**TASK DETAILS**
Reproduce, exactly and only, the lines of the data that follows from the one containing "Paul Perret Cycling_x-ray_art_prints_3" down to the one containing "Biblioteca Can Manyer", without pictures.

BEGIN GIVEN RECORDS

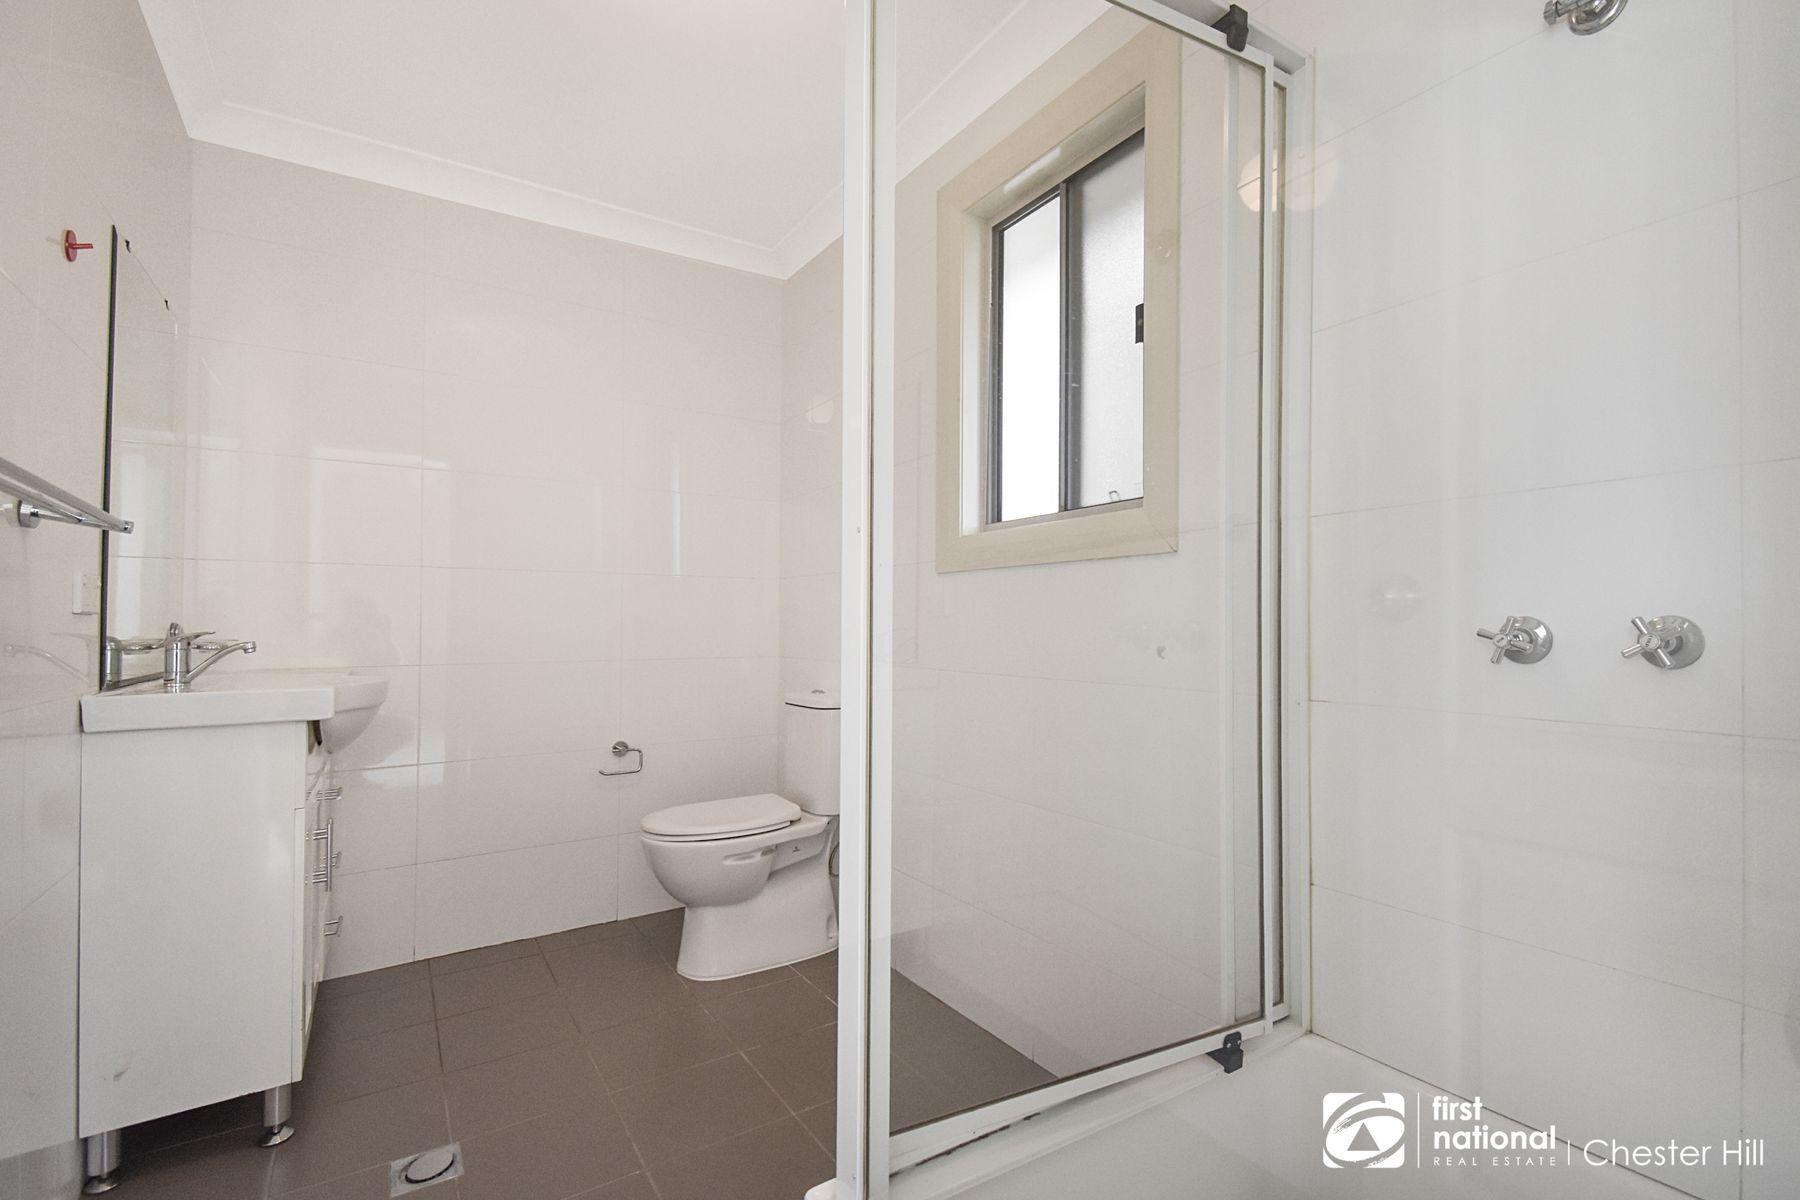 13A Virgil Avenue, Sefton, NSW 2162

END GIVEN RECORDS
BEGIN GIVEN RECORDS

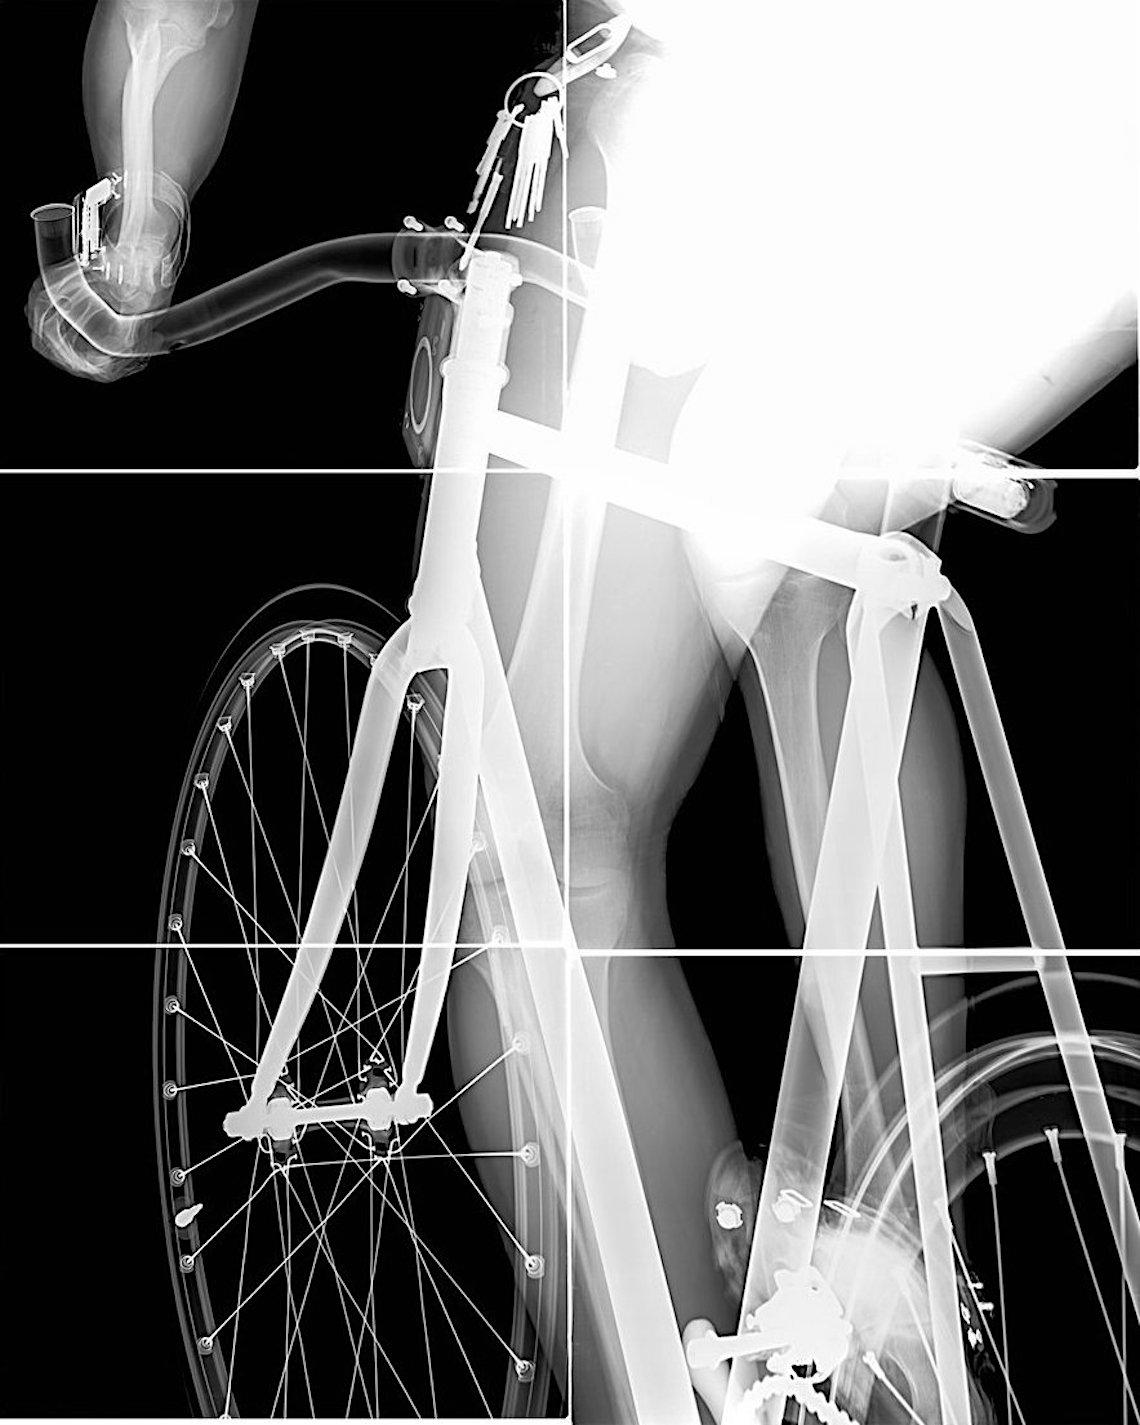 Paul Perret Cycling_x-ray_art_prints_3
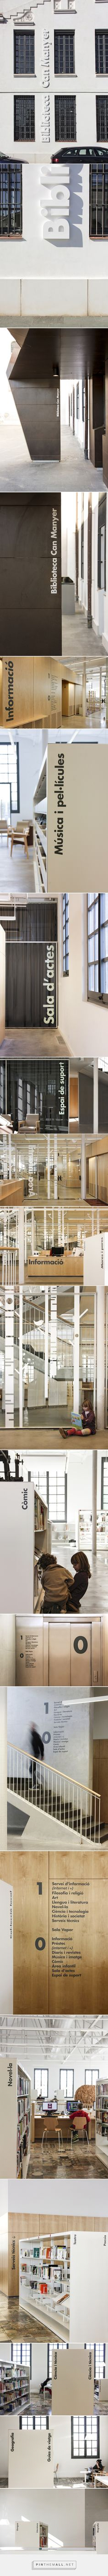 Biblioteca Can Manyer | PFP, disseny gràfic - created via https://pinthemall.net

END GIVEN RECORDS
BEGIN GIVEN RECORDS

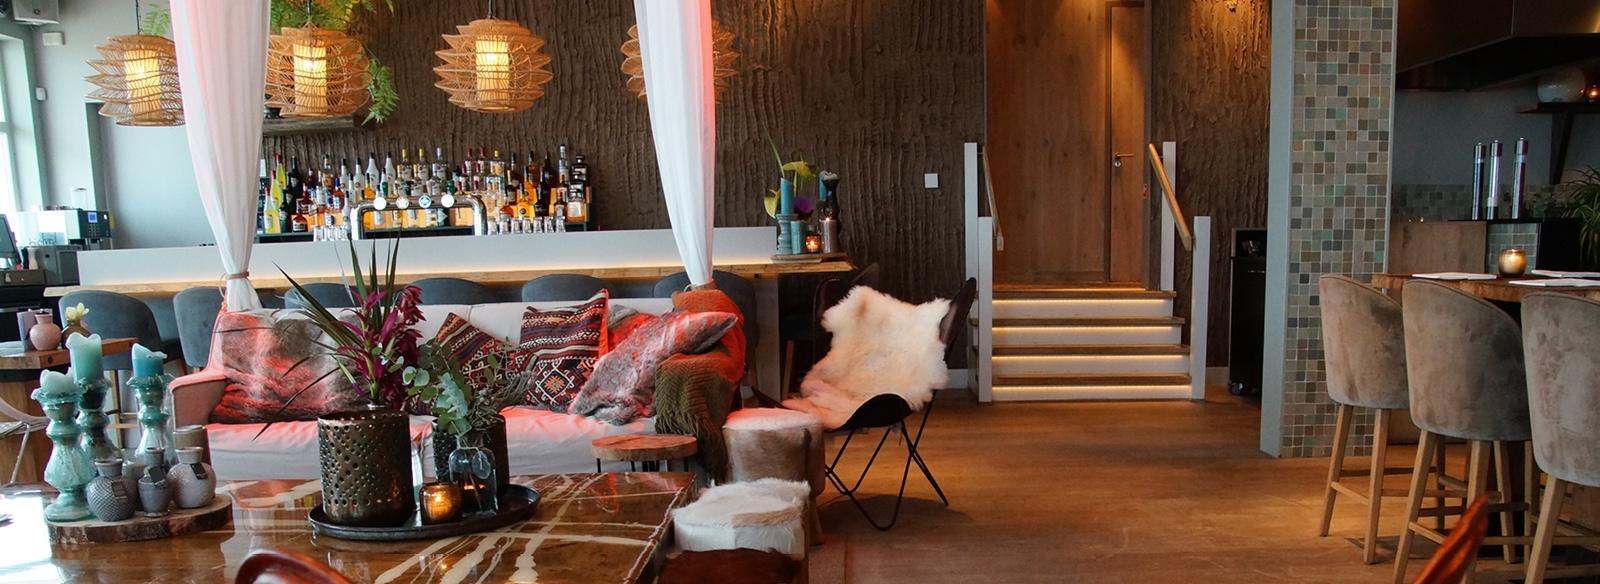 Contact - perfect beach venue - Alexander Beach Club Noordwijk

END GIVEN RECORDS

**RESULT OF THIS EXERCISE**
 Paul Perret Cycling_x-ray_art_prints_3
 Biblioteca Can Manyer | PFP, disseny gràfic - created via https://pinthemall.net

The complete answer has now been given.